The concept of faster than light travel – "warp drive" to Star Trek fans or "hyperspace" to Star Wars fans – has been an essential part of extra terrestrial science fiction since the genre came into existence.

So too has the concept of "wormholes" which are hypothetical gateways linking distant parts of the universe. Frank Herbert, author of the Dune saga, spoke of individuals developing the ability to "fold" space allowing for travelling without moving.

There are many dedicated scientists who spend their lives searching for that particular holy grail, hence the recent excitement around the putative discovery of neutrinos travelling faster than the speed of light.

Author Phillip K Dick first introduced me to the idea of why FTL travel might be possible. (Dick, if you are unfamiliar with his name, provided the original storylines for cinema success stories such as Blade Runner, Total Recall, Minority Report, The Running Man, and many many more.)

It was in a less-known short story called The Variable Man that he described the Fitzgerald-Lorentz contraction.

The premise is that as our speed increases, our length decreases.
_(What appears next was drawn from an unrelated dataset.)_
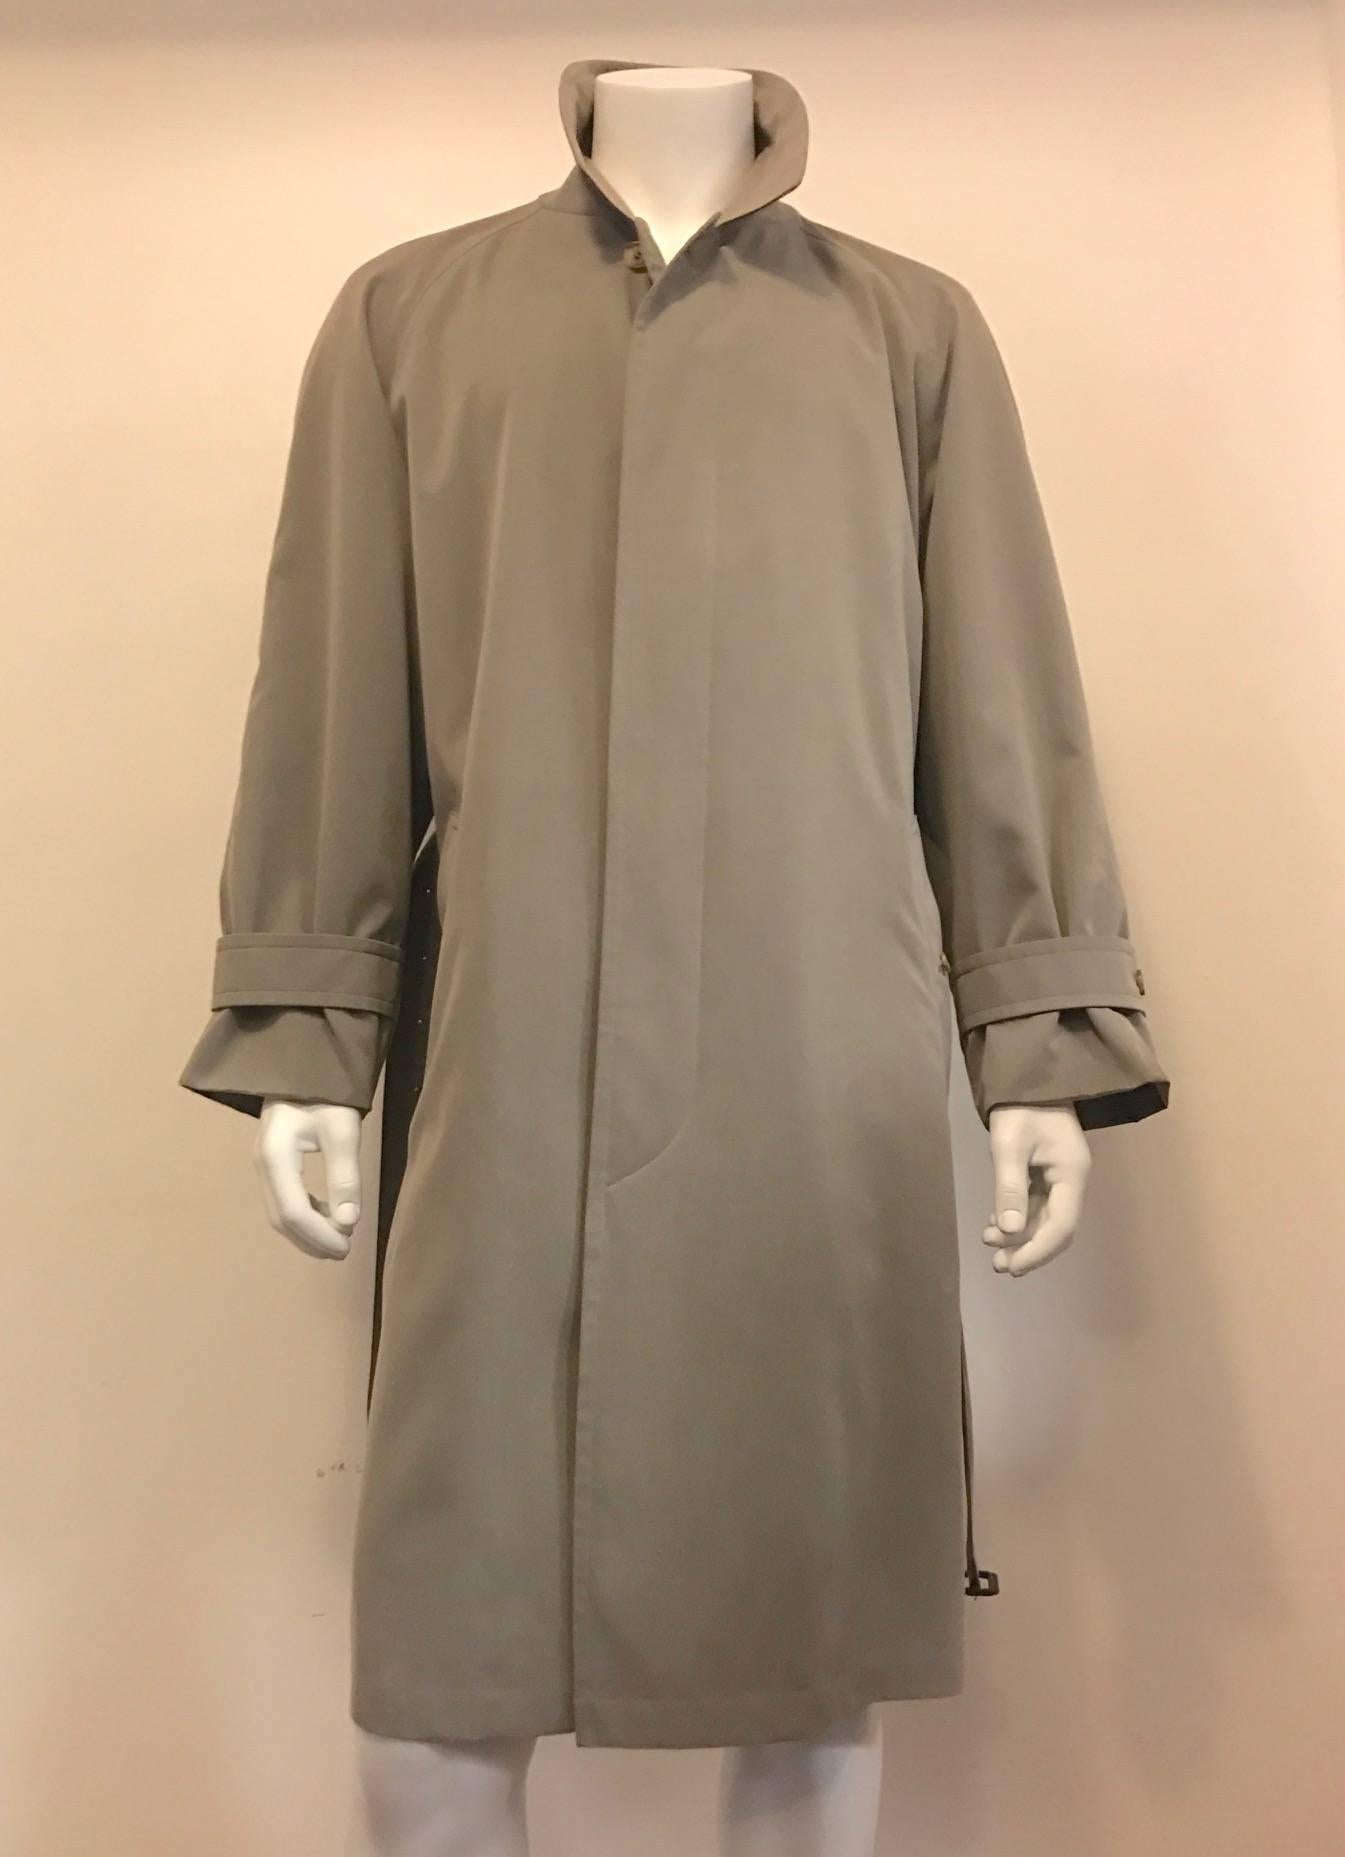 An elegant rainproof  trench coat with raglan sleeves, placket, cuff straps, a belt with leather wrapped buckle, a single vent with button closure if desired, two deep slit pockets, and one slit pocket inside.  Measures 50

So if I were travelling at, say, 240 000 km/second (80 percent of the speed of light), a 30 centimetre ruler in my hand would have shrunk to 18 cm.
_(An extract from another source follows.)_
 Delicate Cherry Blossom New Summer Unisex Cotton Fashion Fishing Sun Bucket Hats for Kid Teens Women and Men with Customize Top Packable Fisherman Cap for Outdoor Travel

So what? Well, it turns out that the formula to calculate one's length is linked to the speed of light.

And when one actually reaches the speed of light, the length of that ruler is zero.

What does that mean? Does it cease to exist? Does it wink out of our universe into another?

We don't know yet. Dick's storyline postulated that it would allow for faster than light travel – if we could work out how to ensure that when we slowed down enough to rematerialise, we did so in empty space and not in the inside of a planet.

So let's put faster-than-light travel aside for now and ask, how far can we travel with known technology?

Let's say we powered a spaceship at constant acceleration equivalent to Earth's gravity. You would need enough fuel for just about one year to get you close to the speed of light.

So, all we have to do is wait for the nuclear physicists to develop a controlled fusion reactor because fusion requires very small amounts of hydrogen as fuel.

Pack a craft with enough food and water and entertainment for eight years, and we'll head off to the nearest star, check it out, and come back.

Except there's another inconvenient reality called time dilation.

From the point of view of the folks back home, thousands of years would have passed during your first year of travel.

Inasmuch as your length shrinks relative to people back home, you will see a contraction of the universe in the direction of your travel.

So the only reason why we need faster-than-light travel is to try to find a way to travel to distant places and come back to tell the tale to people who saw us embark on the journey.

So if you are prepared to give up on the world as you know it today and come back thousands of years into the future, you can see much of the universe – hundreds of light years away.

But everything that you knew and loved would be long dead and gone. Space is time, and time is mortality.

Would you do it?

Farewell, Neil Armstrong. Thanks for the dream.